Tuesday, January 13, 2009

Review: A Supposedly Fun Thing I'll Never Do Again

I'm on a serious David Foster Wallace binge. I want to read some of his fiction next, but his essays are just so good. His style and point of view compliment each other so well. I easily relate to Wallace's over-educated self reflection, matter of fact insight, and honesty about his own worse impulses.

is a collection of essays and arguments originally published in various magazines in the early/mid 1990s. The essays are longish, but each fully develops an idea in a way that makes you appreciate the depth of engagement that is lacking from shorter pieces. The seven essays are:

Derivative Sport in Tornado Alley Here, Wallace recounts his childhood experiences playing tennis in the rural midwest.
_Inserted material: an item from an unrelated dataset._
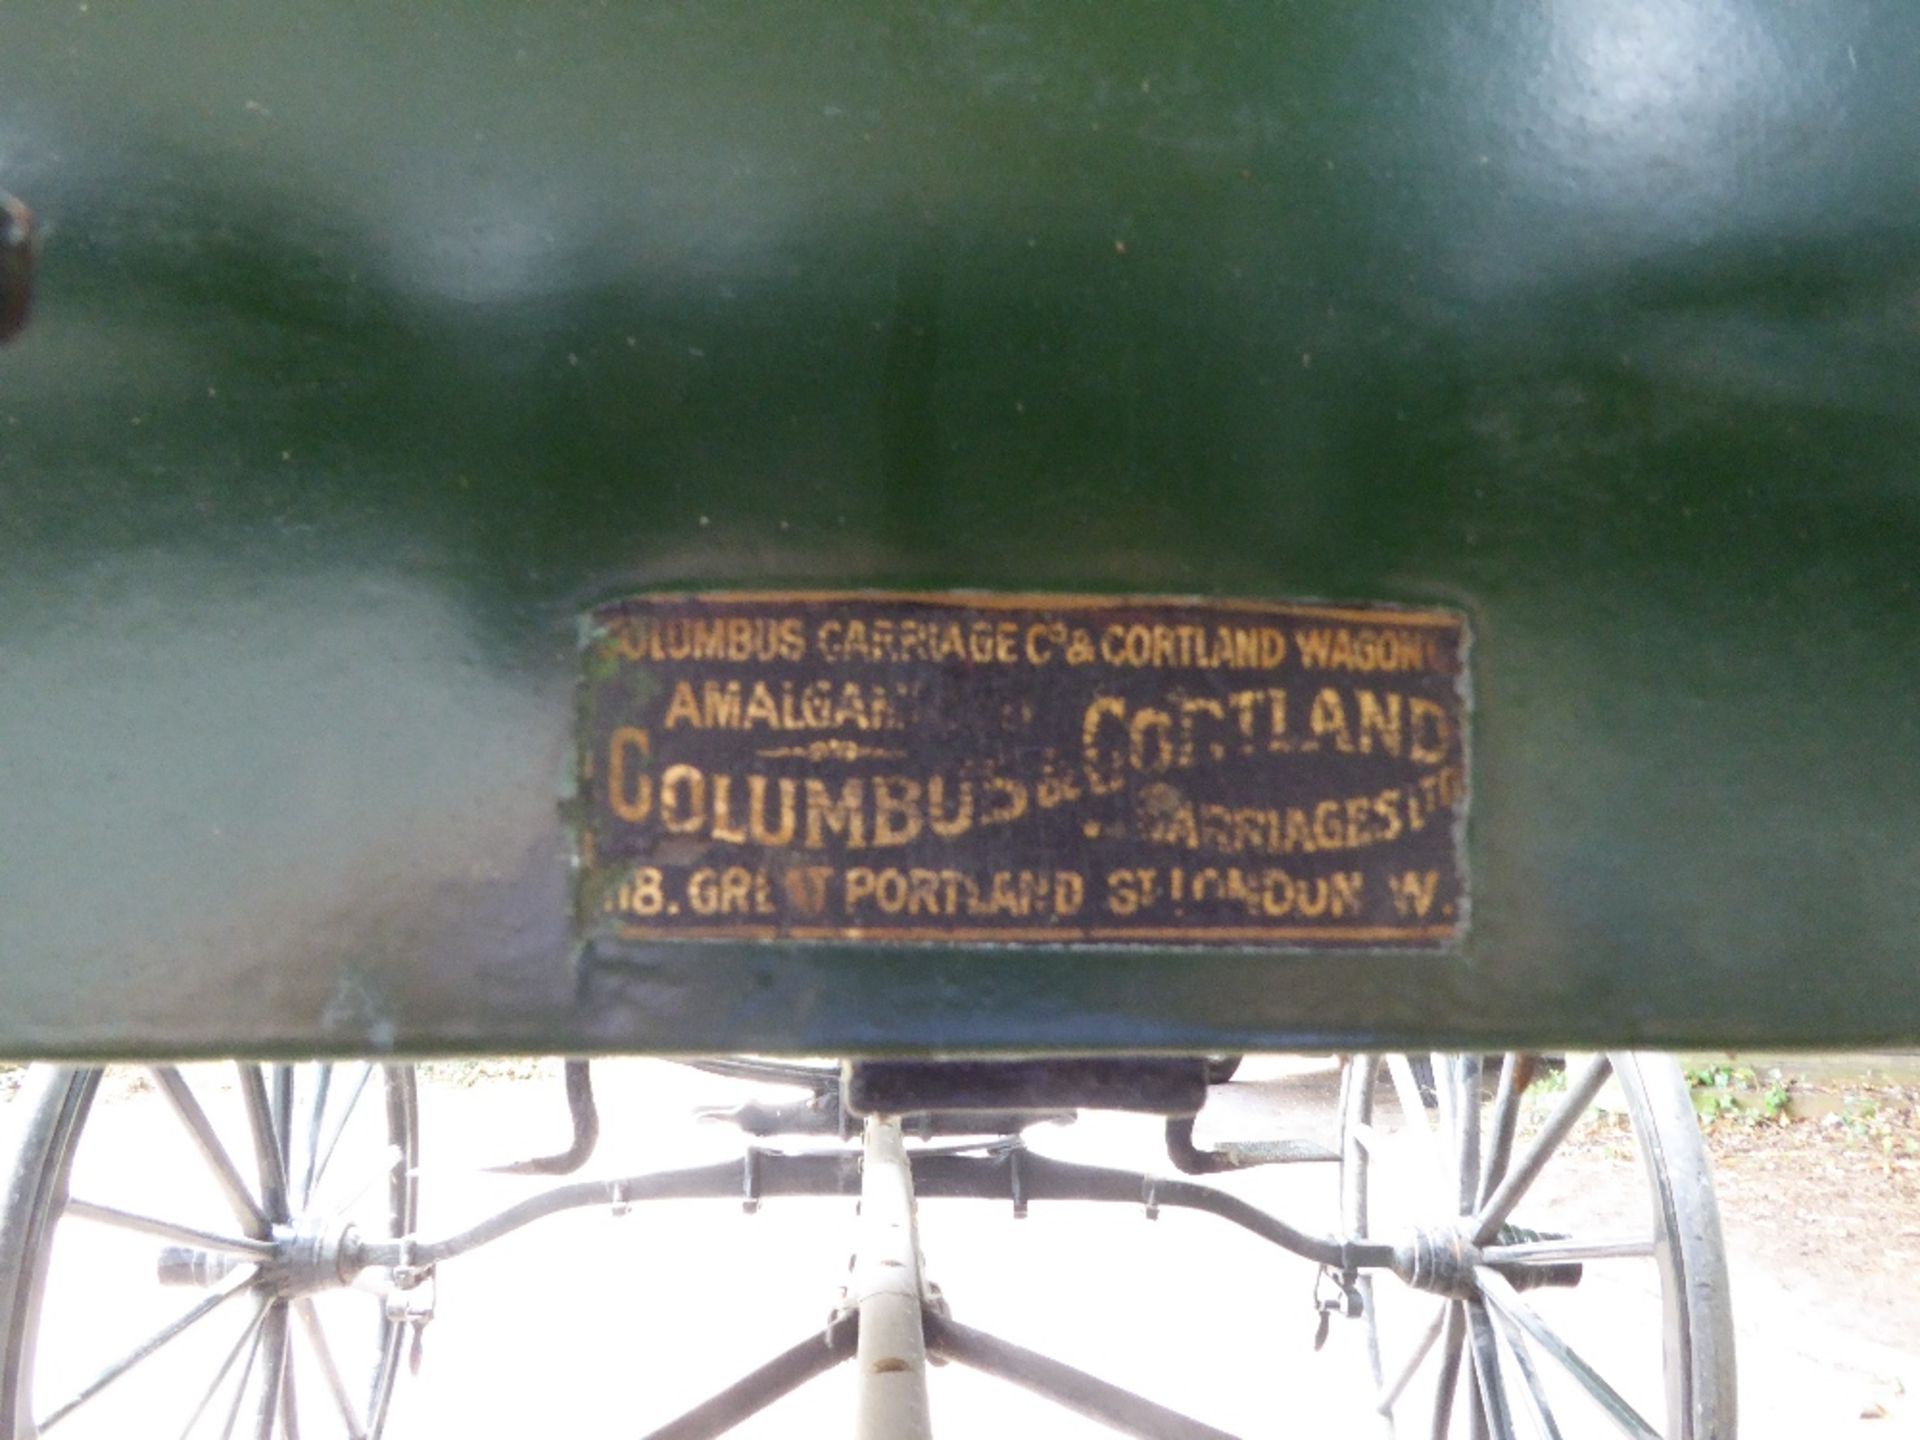 4-WHEEL BUGGY from Columbus & Cortland Carriages Ltd of London c. 1900, to suit 14 to 16hh single or - Image 10 of 10

E Unibus Pluram: Television and U.S. Fiction In this essay, Wallace gives forth his opinion of the impact of TV on serious fiction writing. This is the most difficult essay in the collection. Wallace's argument builds up about irony, and how the use/conditioning of irony on TV colors what is possible in fiction writing. Wallace sums up his thesis succinctly (pg 49, in a section appropriately titled "I do have a thesis"):
I want to persuade you that irony, poker-faced silence, and fear of ridicule are distinctive of those features of contemporary U.S. cultuer (of which cutting-edge fiction is a part) that enjoy any significant relation to the television whose weird pretty hand has my generation by the throat. I'm going to argue that irony and ridicule are entertaining and effective, and that at the tame time they are agents of a great despair and stasis in U.S. culture, and that for aspiring fiction writers they pose especially terrible problems.
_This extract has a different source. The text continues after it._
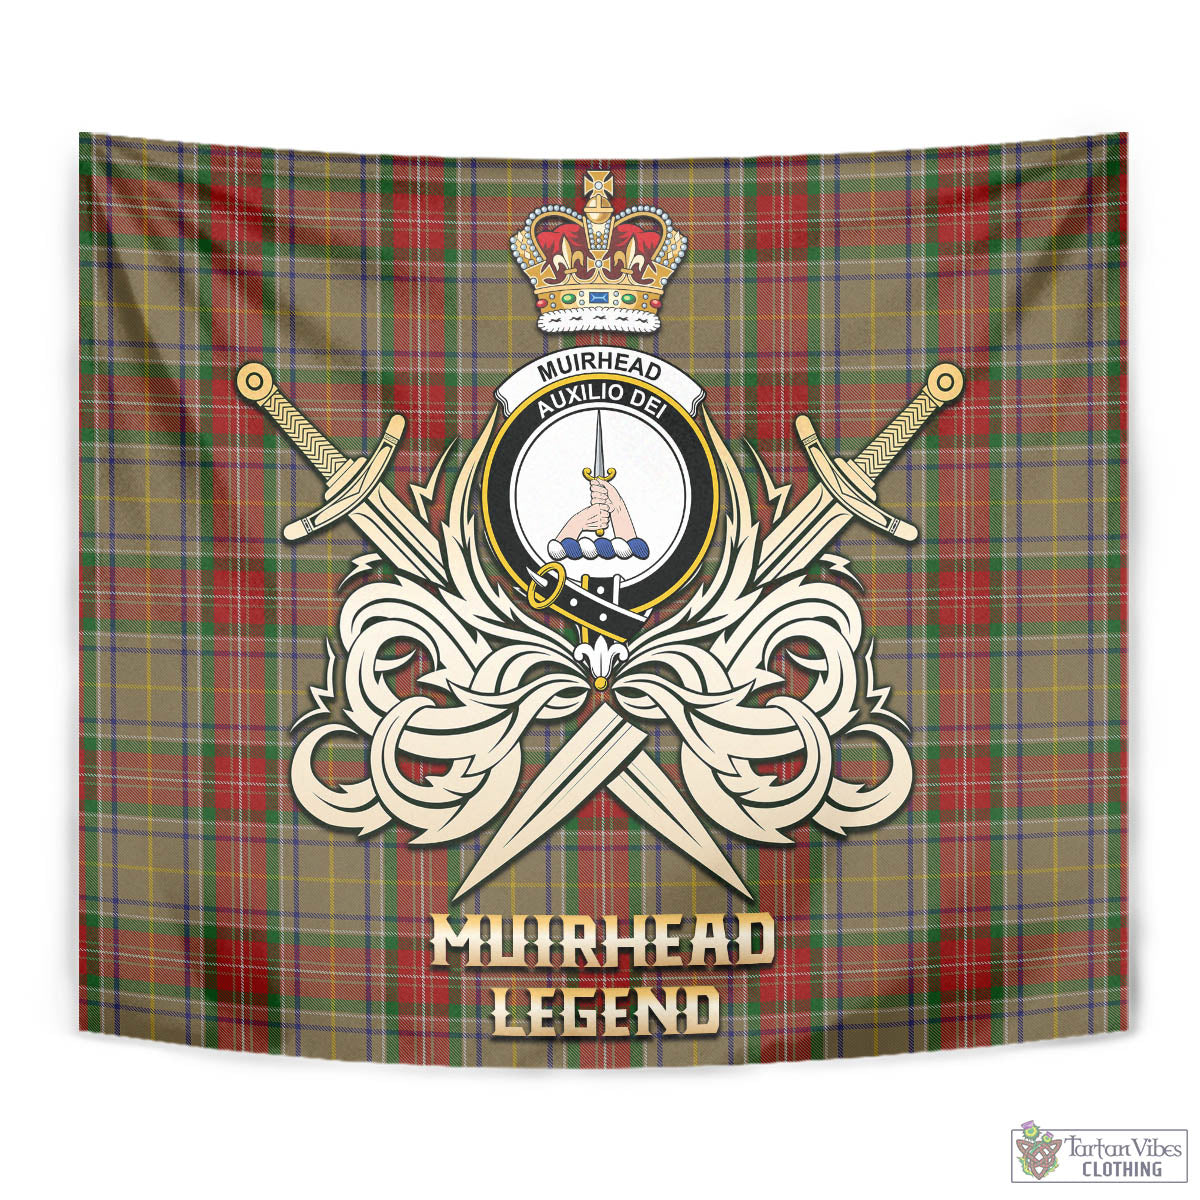 Tartan Vibes Clothing Muirhead Old Tartan Tapestry with Clan Crest and the Golden Sword of Courageous Legacy

As someone who got rid of my own TV over a year ago, I am not sure how relate to this essay (which as written in 1990). I think that Wallace's basic point holds, but the rise of internet culture, and the popular satire of shows such as the Daily Show seem to have raised the stakes.

Getting Away from Already Being Pretty Much Away from It All This piece recounts Wallace's experiences at the 1993 Illinois State Fair. Wonderful for anyone who has ever attended and reflected upon the such events. I have no idea how a person who has never attended such a fair would react to this essay.

Greatly Exaggerated This short essay (just 8 pages) offers some thoughts on various schools of literary criticism and the nature of the Author. As a person who is not really conversant in this language I found it surprisingly approachable.

David Lynch Keeps His Head Here, Wallace visits the set of Lost Highway, and offers insight and commentary on the movie business and the nature of director David Lynch.

Tennis Player Michael Joyce's Professional Artistry as a Paradigm of Certain Stuff about Choice, Freedom, Discipline, Joy, Grotesquerie, and Human Completeness The tittle pretty much says it all.

A Supposedly Fun Thing I'll Never Do Again The final piece is Wallace's reflections on and about a 7 night Caribbean Cruise. One could seriously argue that this is the Platonic Ideal of what nonfiction writing should achieve. Read it.

After devouring this collection of essays I'm left with three overwhelming feelings: (1) intrigue and curiosity about some of the ideas and interpretations Wallace argues for, (2) great appreciation for the quality and style of his writing, (3) a very real sense of loss that Wallace will never again go off on same strange or ordinary trip and use it as a vehicle for his amazing writing and insight.